From the line containing "Catalogue of works: Cramer 160." to the final line of the material below, copy each line exactly, including both endpoints, and leave out all other lines.

Start of SUPPLIED MATERIAL

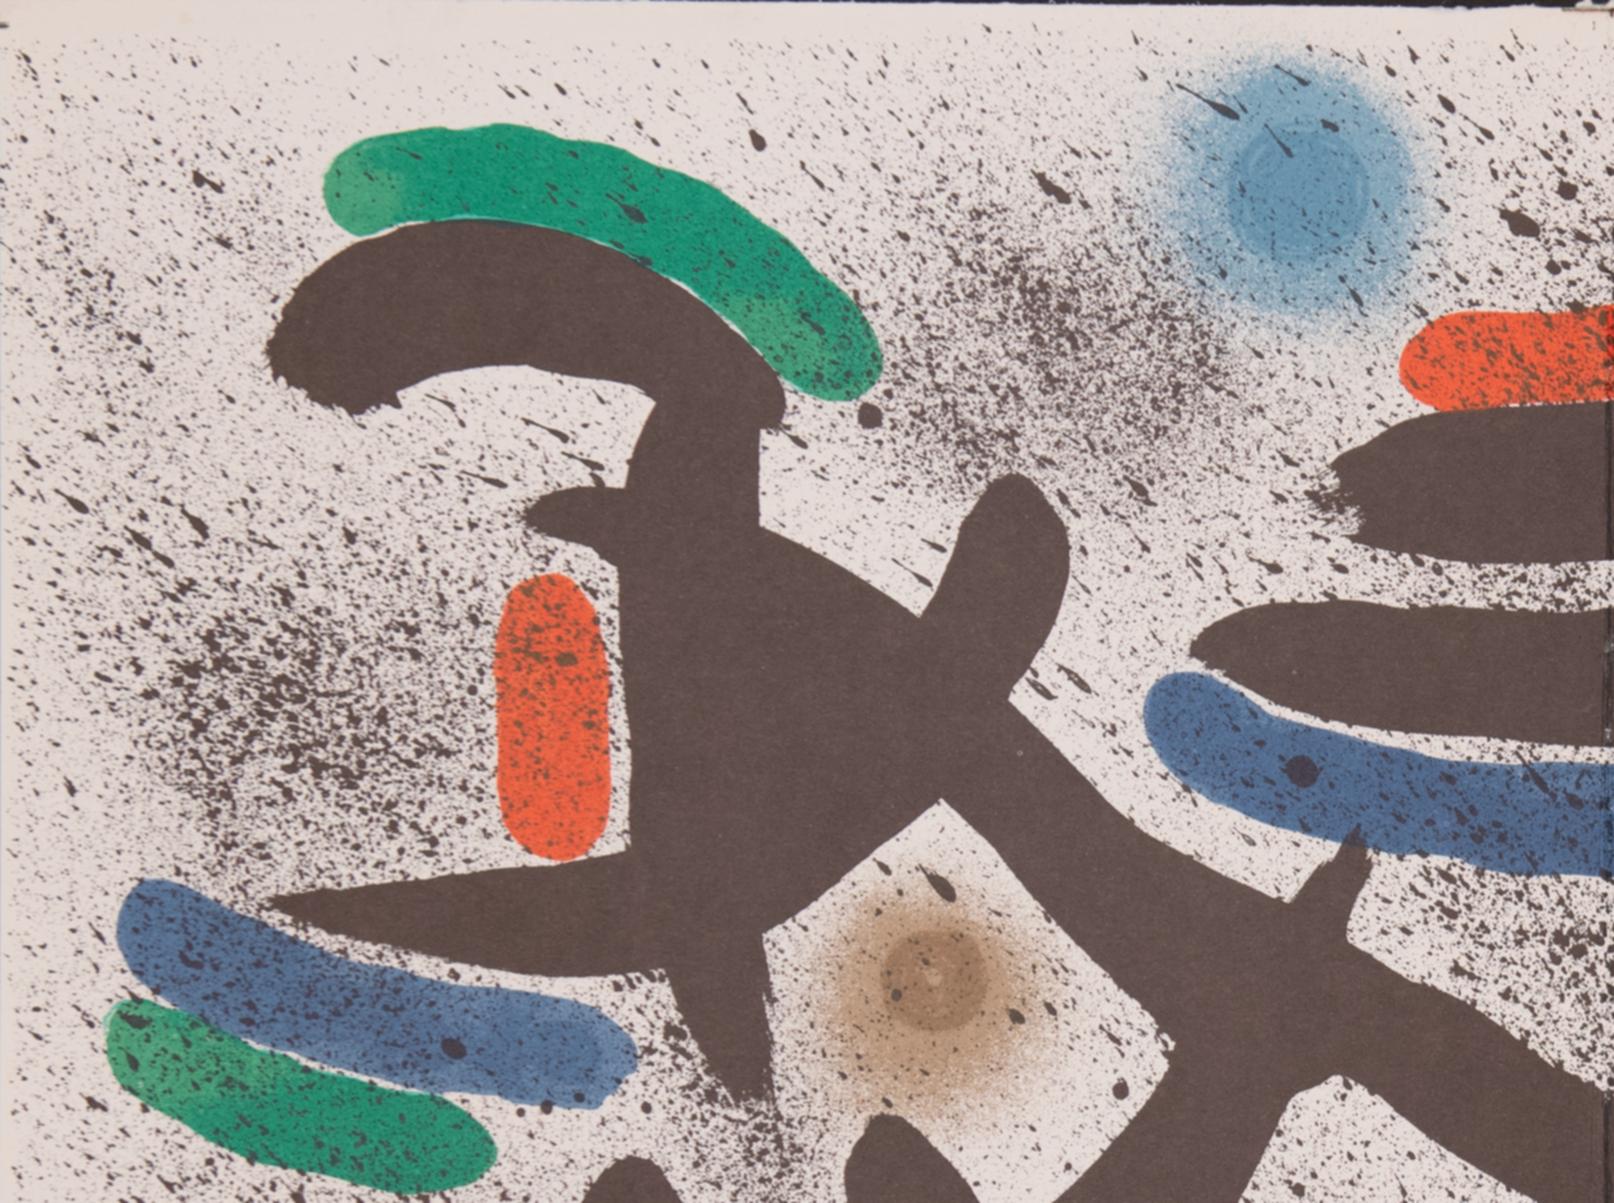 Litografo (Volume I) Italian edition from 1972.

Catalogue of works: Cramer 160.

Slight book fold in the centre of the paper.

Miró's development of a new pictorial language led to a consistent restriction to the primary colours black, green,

End of SUPPLIED MATERIAL

• **RESULT FOR THIS TASK**:
Catalogue of works: Cramer 160.

Slight book fold in the centre of the paper.

Miró's development of a new pictorial language led to a consistent restriction to the primary colours black, green,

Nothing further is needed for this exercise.